Lung cancer
Lung cancer is the third most common cancer in the UK but causes the highest number of deaths. Although the inherited component to lung cancer is complex and not well understood, somatic (tumour) genomic testing is well-established and important for optimal management.
Classification of lung cancer
Traditionally, lung cancer has been divided into small cell and non-small cell types. The latter was further divided into non-squamous and squamous subtypes, with several histological variants within both of these.
Epidemiology of lung cancer
Lung cancer is relatively rare before the age of 40, with incidence rising steadily until 80 (females) or 85 years (males) before plateauing. Although currently the commonest cause of cancer death in the UK, the incidence of lung cancer is falling in males and plateauing in females.
The vast majority of cases are associated with smoking. The strength of this association, however, varies according to genetic subtype. For example, the presence of an EGFR mutation enriches for younger, female and never/ex/light-smokers as well as for East Asian ethnicity. The presence of ALK fusions enriches for younger, never/ex/light-smoker patients without enriching for ethnicity. Nonetheless, clinical factors alone are not a reliable guide to driver-mutation status.
Genomics of lung cancer
Somatic genomics and lung cancer
Advances in genomic sequencing technologies have allowed identification of the genetic drivers behind lung cancer subtypes. A characteristic spectrum of mutations has emerged in both adenocarcinomas and squamous cell cancers, with improved understanding of small cell cancers too.
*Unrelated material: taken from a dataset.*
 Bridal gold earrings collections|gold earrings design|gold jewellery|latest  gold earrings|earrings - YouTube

- In European populations, more than half of lung adenocarcinomas have an identifiable ‘driver’ genomic alteration, with an even higher percentage in East Asian populations. The commonest alterations are found in the KRAS gene (around one-quarter of all adenocarcinomas), with EGFR variants (10%–20% in Europeans, 30%–50% in East Asians) and ALK fusions (4%–5%) being the next most common. Variants in BRAF, MET, PIK3CA and NRAS, and fusions of ROS1, NTRK and RET make up the majority of the rest. Identification of a sensitising driver mutation may have implications for therapy and prognosis.
- These drivers are usually absent in squamous cell cancers. However, in those who are never/ex-/light-smokers they may be present, and such patients may be tested. In those who are current or ex-heavy smokers, identifiable drivers include amplifications of FGFR1, PIK3CA, SOX2 or MET or variants in NRF2, AKT1, DDR or BRAF. There are currently no formal NICE recommendations in lung cancer for the use of drugs that target alterations in these genes*.
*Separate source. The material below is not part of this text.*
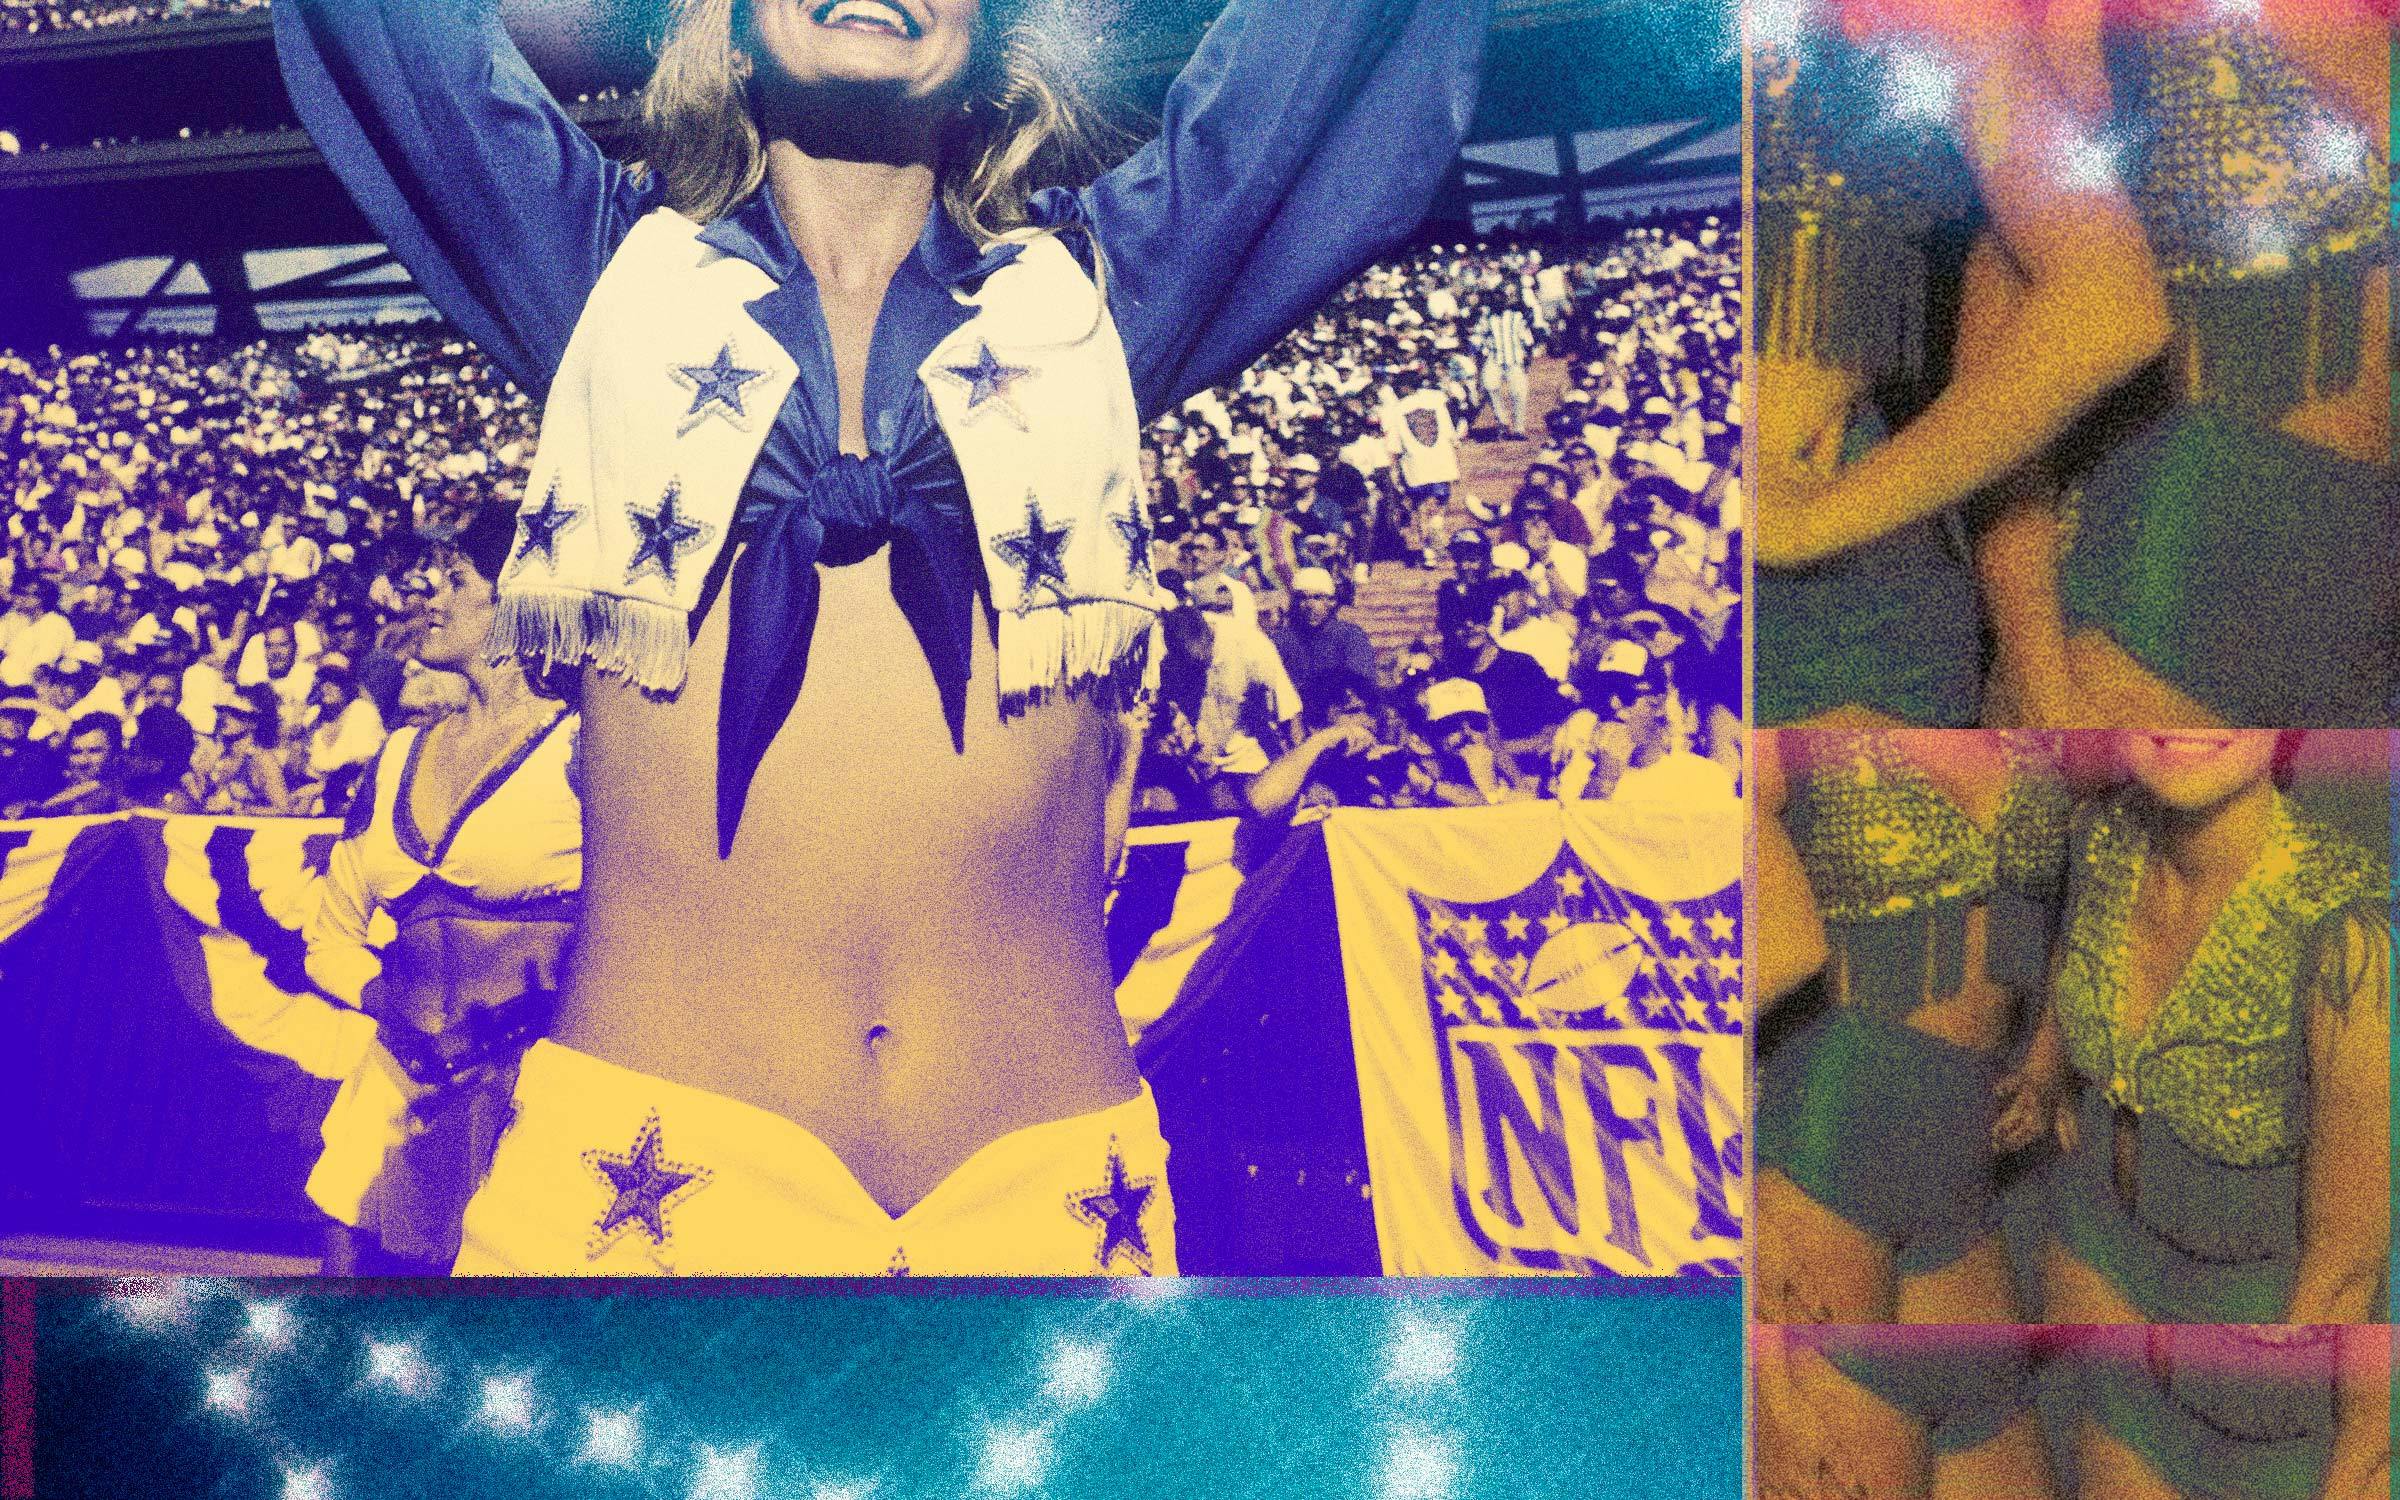 danielle daniels add naked dallas cowboys cheerleaders photo

- The genetic landscape of small cell cancers is less well understood, but there is interest not only in genetic alterations but also epigenetic modification of genes (for example, gene silencing through promoter hypermethylation).
*In some parts of the UK, combination therapy including a BRAF inhibitor has been permitted for BRAF-positive metastatic lung cancer (non-small cell) instead of chemotherapy to reduce risk of immunosuppression as an interim measure during the Covid-19 pandemic.
Constitutional (germline) genetics and lung cancer
In contrast to our understanding of somatic (tumour) genetic alterations, inherited genetic factors in lung cancer are less well understood. Part of the difficulty is that smoking behaviour, the largest attributable cause of lung cancer, can also be familial, so careful adjustment is needed.
- Several GWAS (genome-wide association studies) have suggested susceptibility loci at chromosome 15q25.1 containing the nicotinic acetylcholine receptor genes (CHRNA5–CHRNA3). These genes may modify smoking behaviour, so the mechanistic link to lung cancer is uncertain. Other studies have identified loci at 5p15 (containing the telomerase (TERT) gene). Overall, the effect of such variants is small.
- Rare families with constitutional (germline) activating variants in EGFR gene (including T790M) have been identified and associated with an increased risk of lung cancer.
Lung adenocarcinoma (particularly broncho-alveolar subtypes) at a young age may also be part of the broad tumour spectrum of the cancer predisposition Li-Fraumeni syndrome, caused by constitutional (germline) pathogenic variants in the TP53 tumour suppressor gene. Patients/families meeting Chompret criteria should be referred to the local clinical genetics service for consideration of genomic testing.
Management implications of genomic testing
- If a somatic (tumour) driver mutation is identified in an individual with lung cancer, it may have implications for the choice of treatment for their current cancer. For more on this, see our ‘In the Clinic’ articles on the following results scenarios:
- Results: Patient with lung cancer (non-small-cell) – somatic ALK rearrangement identified
- Results: Patient with lung cancer (non-small-cell) – somatic BRAF variant identified
- Results: Patient with lung cancer (non-small-cell) – somatic EGFR variant identified
- Results: Patient with lung cancer (non-small-cell) – somatic ROS1 rearrangement identified
Resources
For clinicians
- ESMO: Consensus guidelines for treatment of advanced lung cancer (2020) (includes recommendations for molecular testing and treatment) (PDF, 71 pages)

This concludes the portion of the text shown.